Magnolia 5.3 reached end of life on June 30, 2017. This branch is no longer supported, see End-of-life policy.
The Solr module uses the Apache Solr search platform to index and crawl Magnolia content. Solr is a standalone enterprise search server with a REST like API. Solr uses the Lucene library for full-text indexing and provides faceted search, distributed search and index replication. You can use Solr to index content in an event-based or action-based fashion. The module is compatible with Apache Solr 4.
The Magnolia Solr bundle consists of three modules:
See Installing a module on how to install the bundle using JARs or Maven dependencies.
If you install with JAR files, include also the dependent third-party libraries. Without them the Tika parser and suggestions won't work.
<dependency> <groupId>info.magnolia.solr</groupId> <artifactId>magnolia-solr-search-provider</artifactId> <version>2.2</version> </dependency> <dependency> <groupId>info.magnolia.solr</groupId> <artifactId>magnolia-content-indexer</artifactId> <version>2.2</version> </dependency> <dependency> <!-- Optional. The theme module provides an autocomplete search bar. --> <groupId>info.magnolia.solr</groupId> <artifactId>magnolia-solr-search-provider-theme</artifactId> <version>2.2</version> </dependency>
Apache Solr is a standalone search server. You need the server in addition to the Magnolia Solr modules.
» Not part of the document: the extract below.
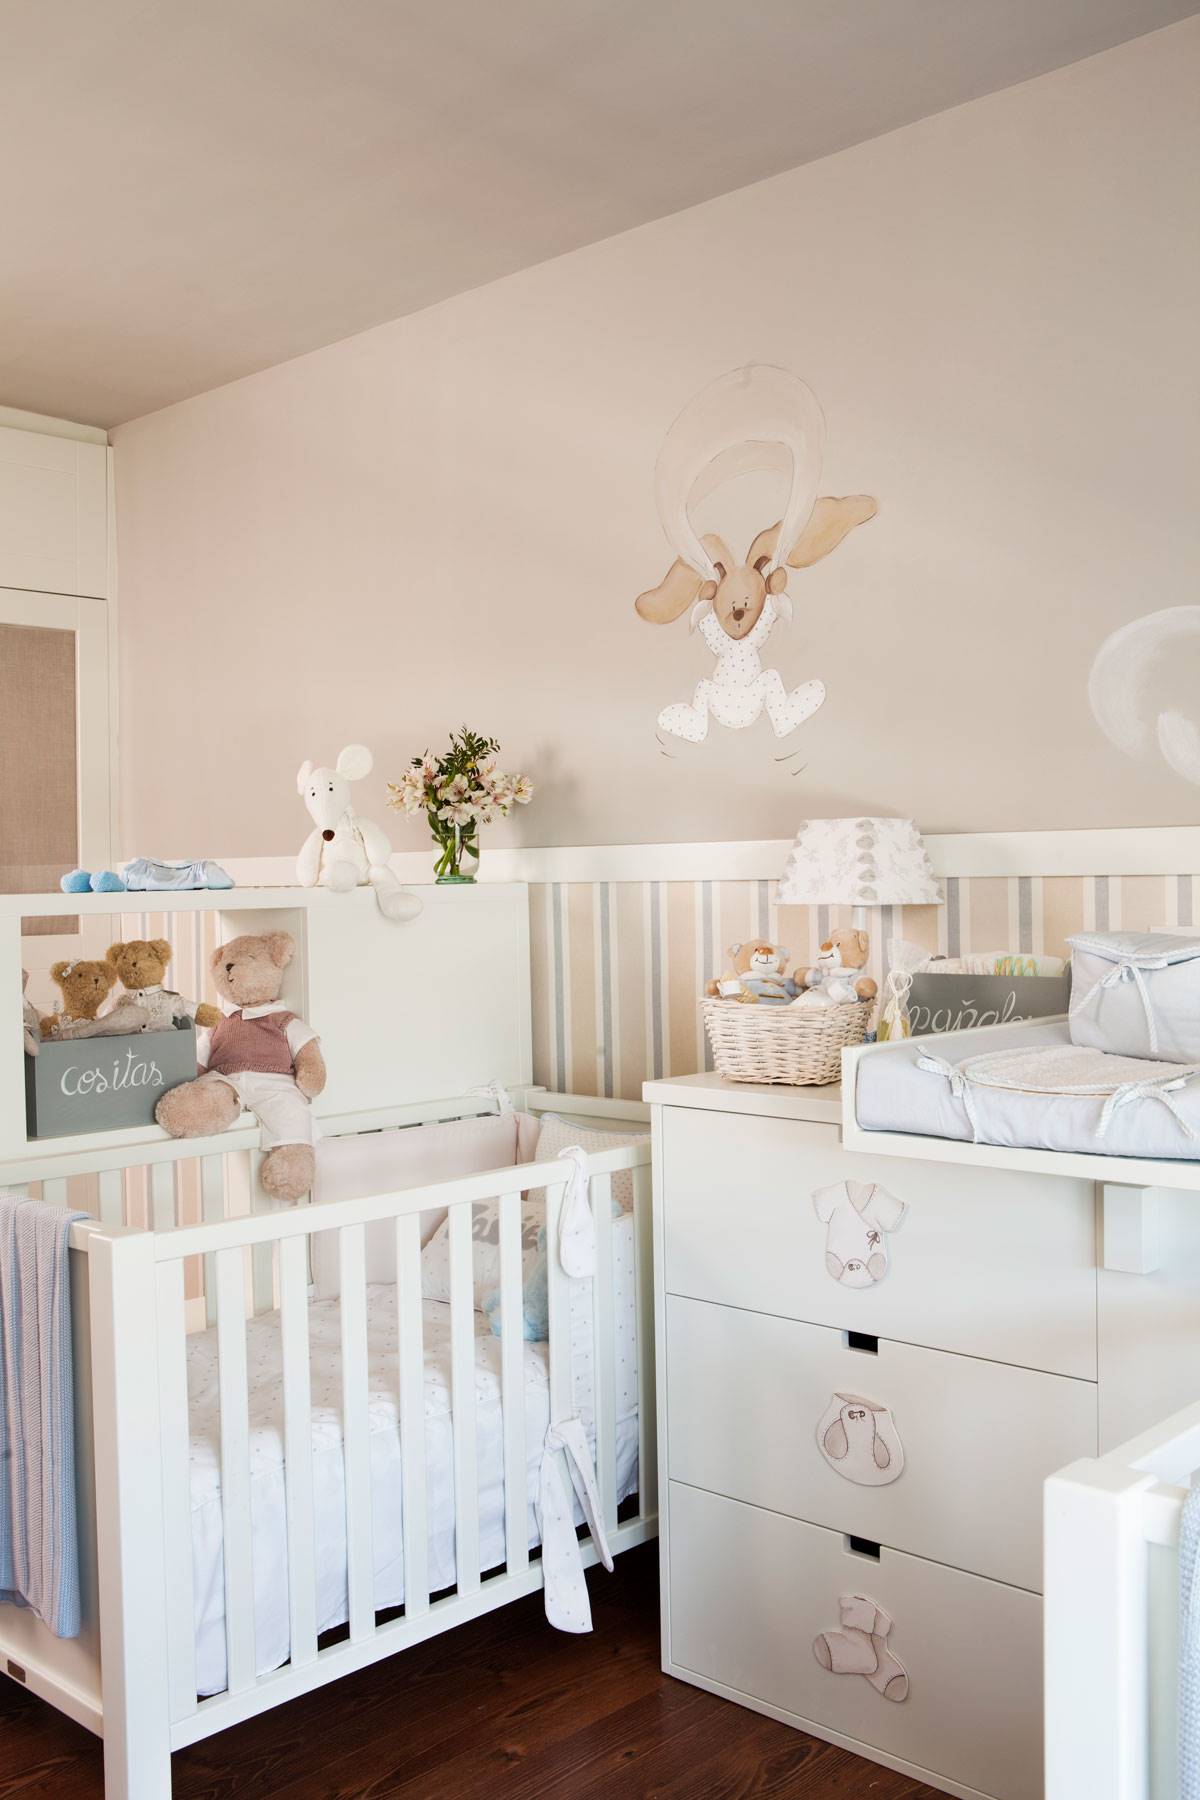 Habitación de bebé con arrimadero, cuna, cambiador y dibujos decorativos en la pared.
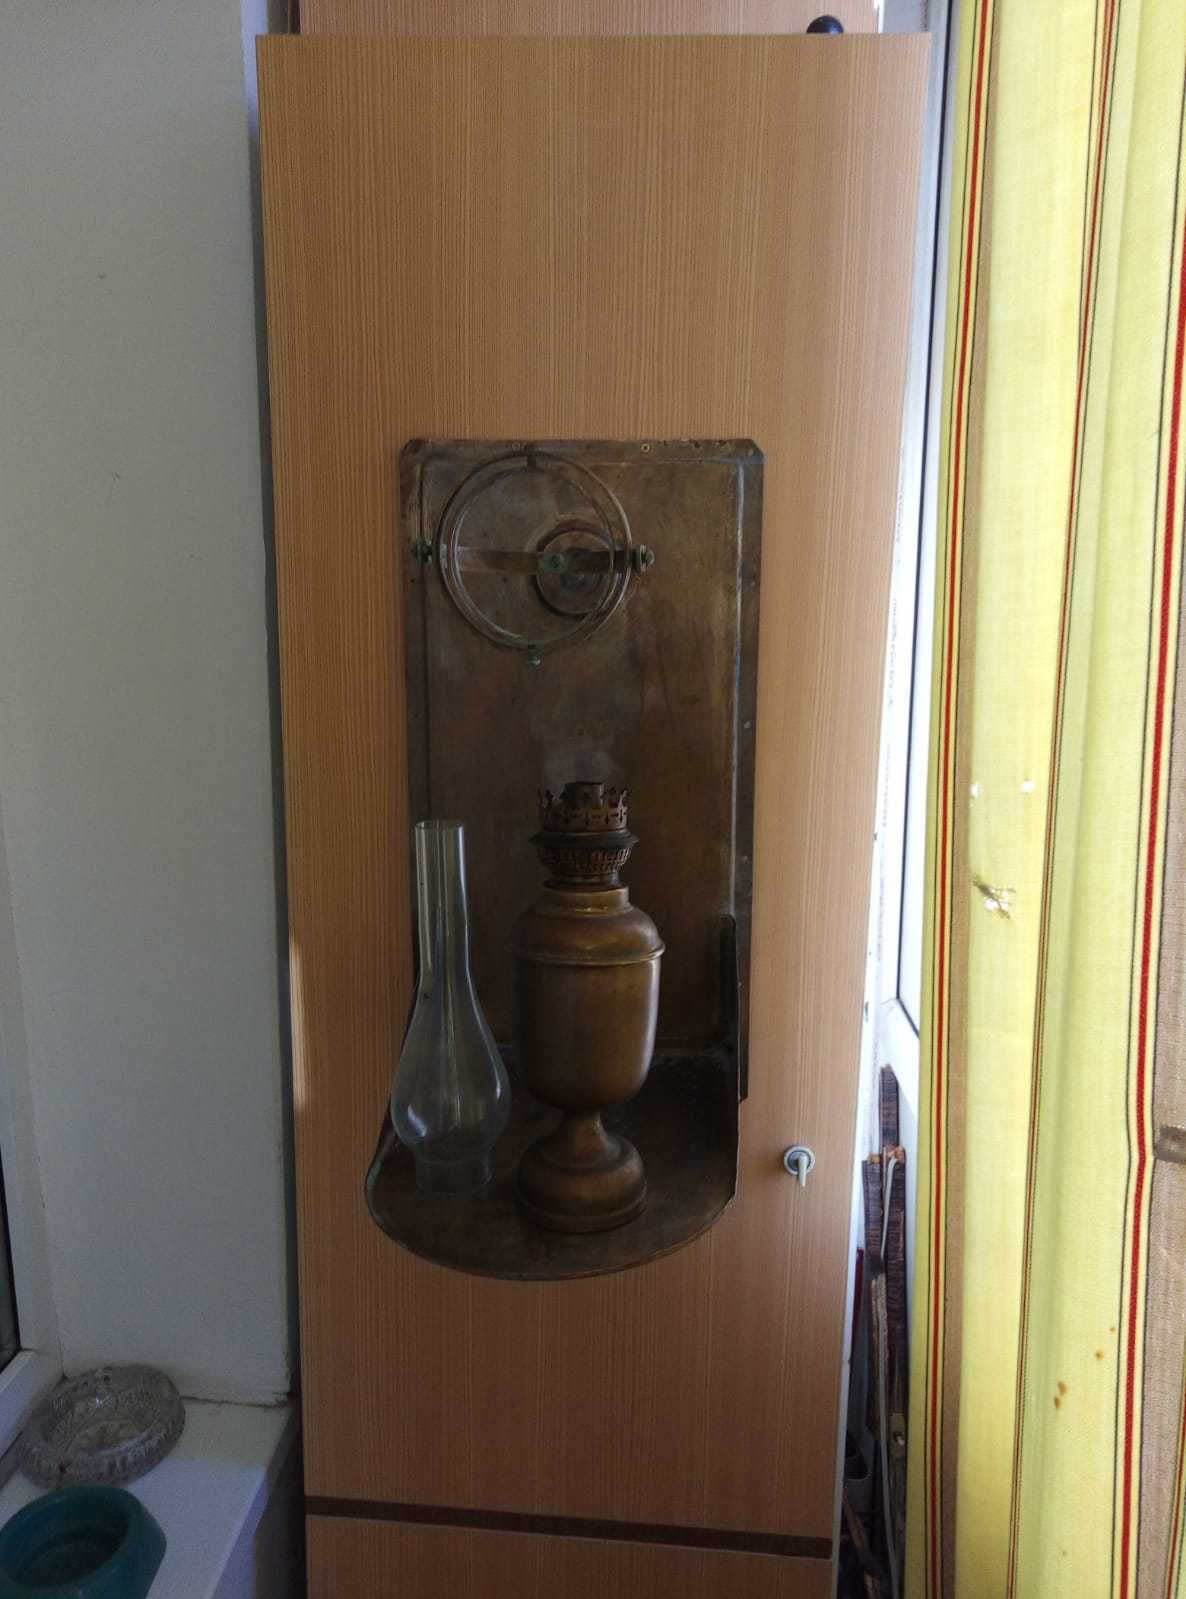 Корабельная керосиновая лампа. 19 век.

Download Apache Solr and extract the zip to your computer:
solr/ bin/ contrib/ dist/ docs/ example/ solr/ collection1/ conf/ schema.xml solrconfig.xml licenses/
Go to the example
directory and start Solr.
cd $SOLR_HOME/example java -jar start.jar
This type of startup works for testing and development purposes. For production installation see Taking Solr to Production.
A schema file specifies what fields the Magnolia content can contain, how those fields are added to the index, and how they are queried. An ExtractingRequestHandler extracts searchable fields from Magnolia pages.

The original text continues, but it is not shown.